* **Exercise instructions**
Reproduce, exactly, the lines of the material below from the line containing "Iran prisändringar Coca-Cola/Pepsi" through the line containing "Adult Intermediate 60%", with both end lines included and nothing else.

* **Exercise data**
● ● ● ● ●
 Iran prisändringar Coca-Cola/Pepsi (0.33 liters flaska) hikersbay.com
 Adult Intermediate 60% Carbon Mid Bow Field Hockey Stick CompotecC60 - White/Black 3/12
● ● ● ● ●
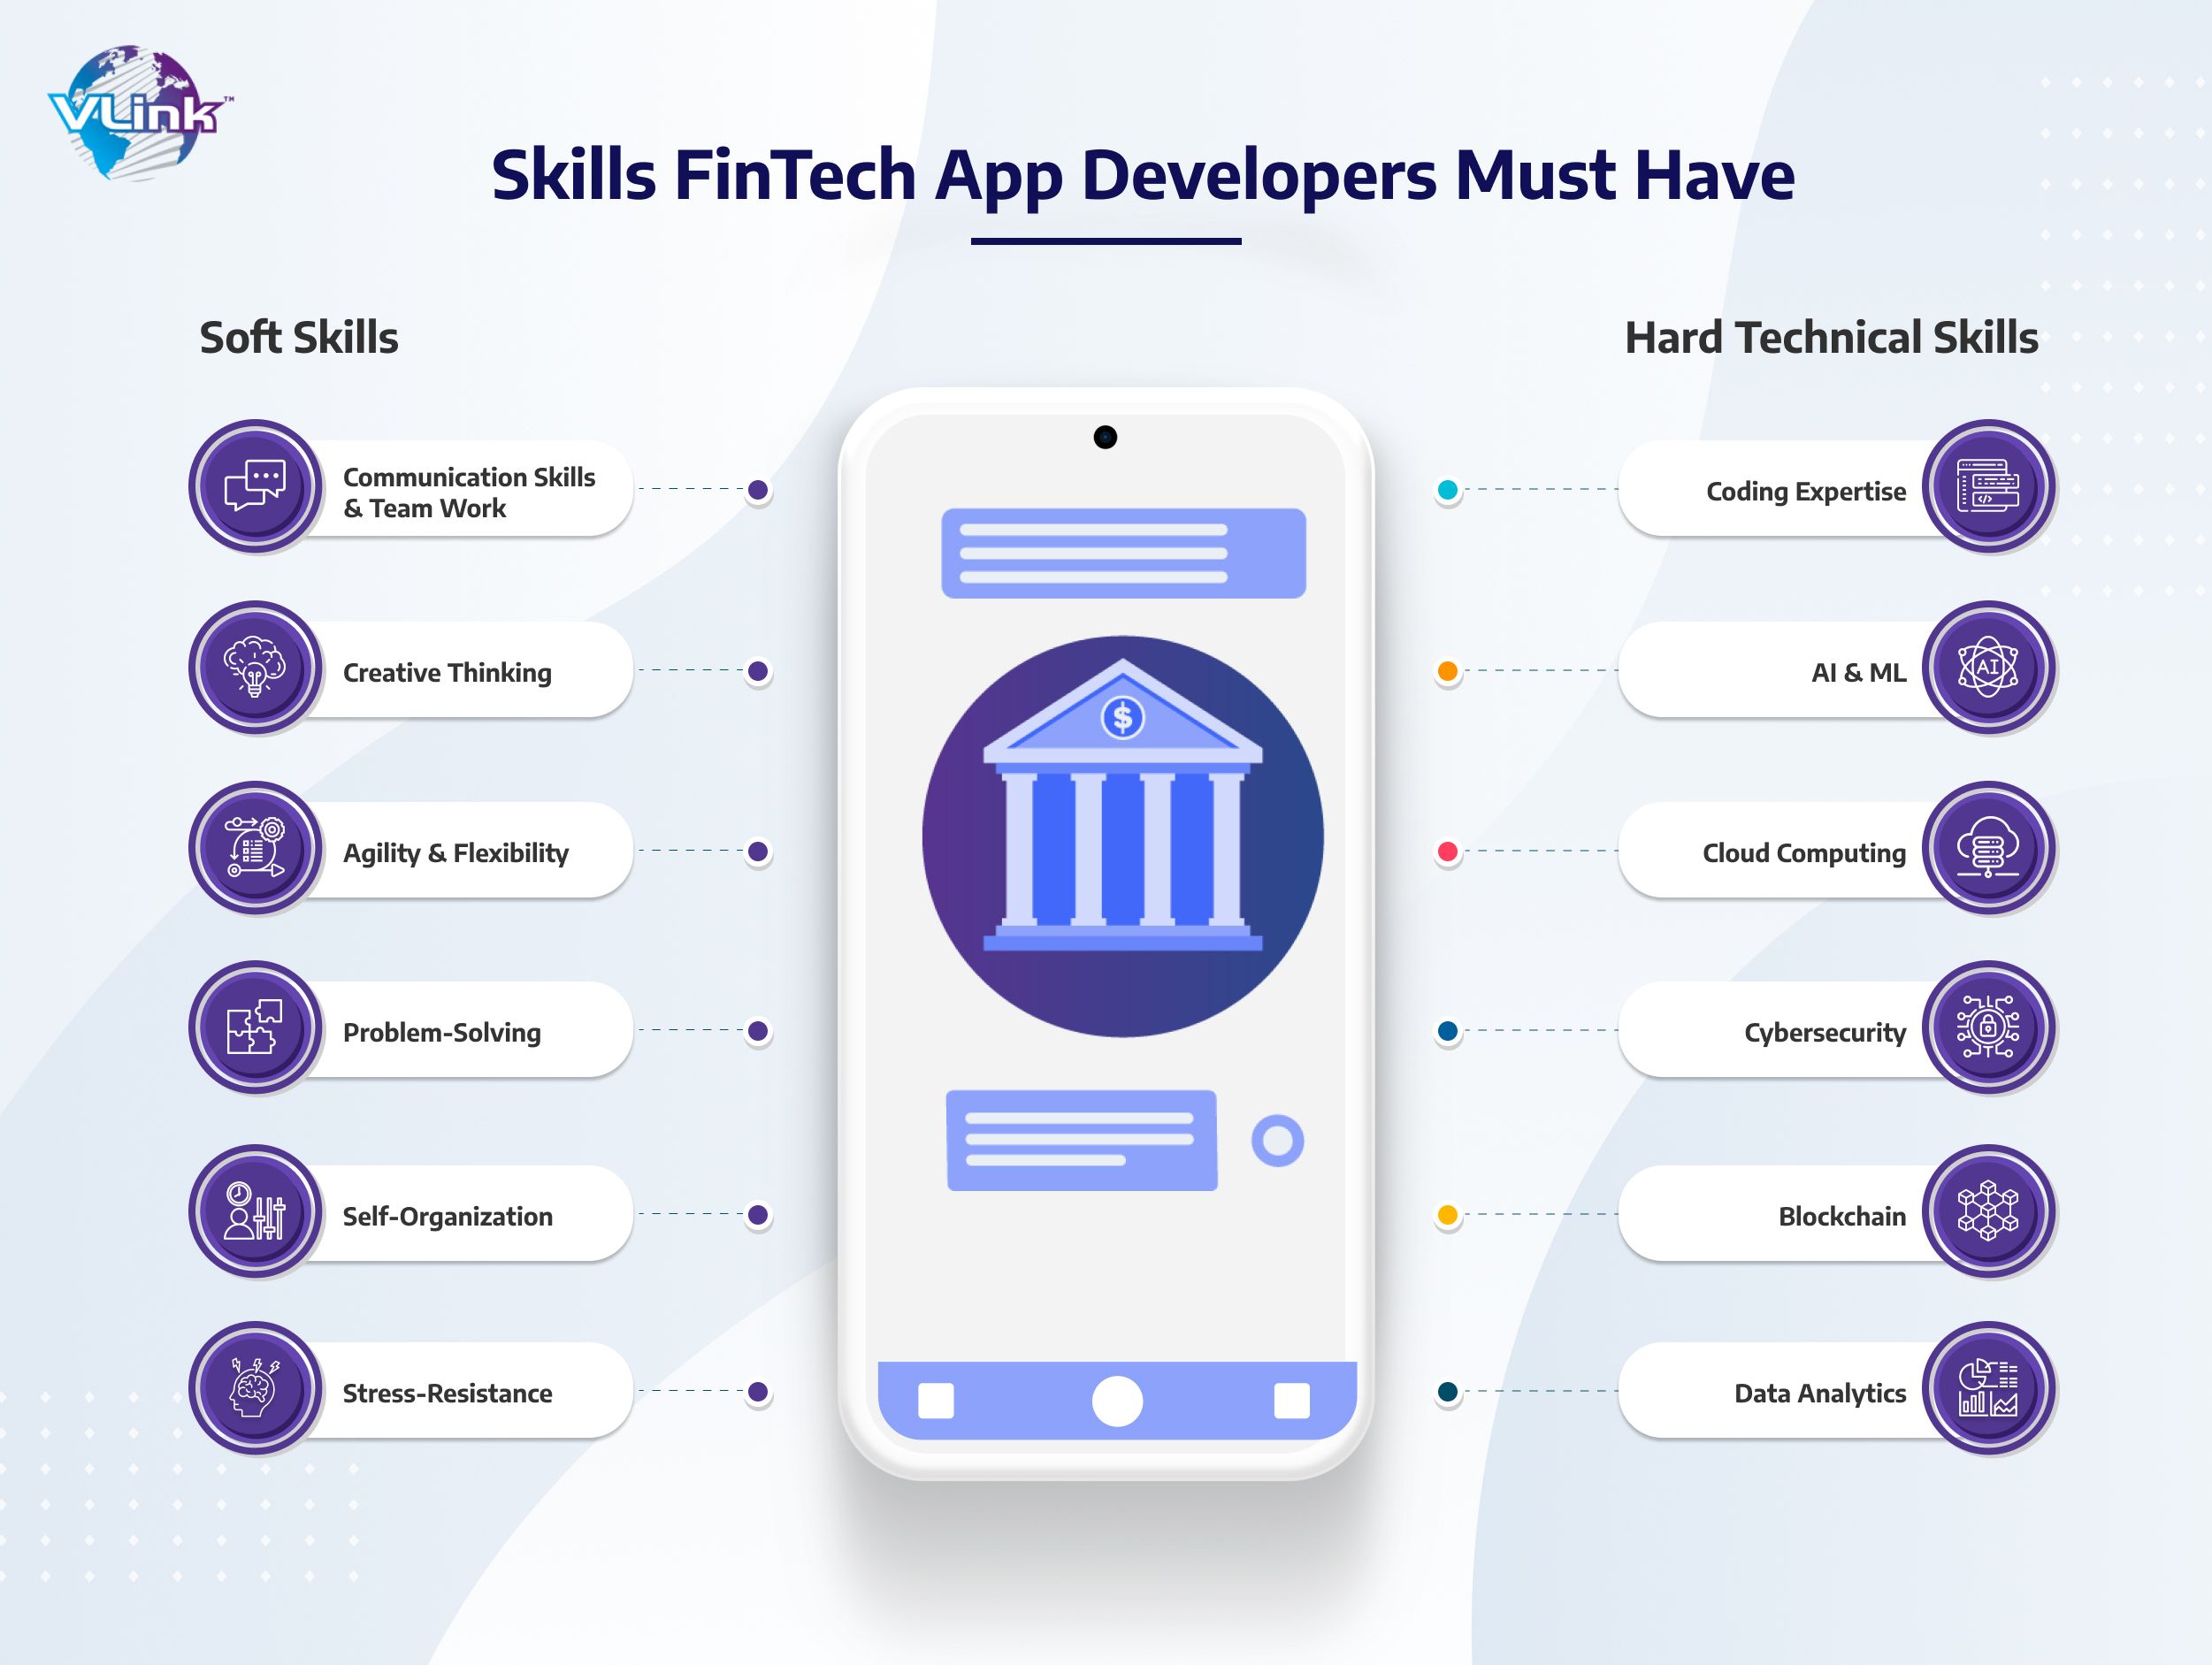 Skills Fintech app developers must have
● ● ● ● ●
* **Task response**
 Iran prisändringar Coca-Cola/Pepsi (0.33 liters flaska) hikersbay.com
 Adult Intermediate 60% Carbon Mid Bow Field Hockey Stick CompotecC60 - White/Black 3/12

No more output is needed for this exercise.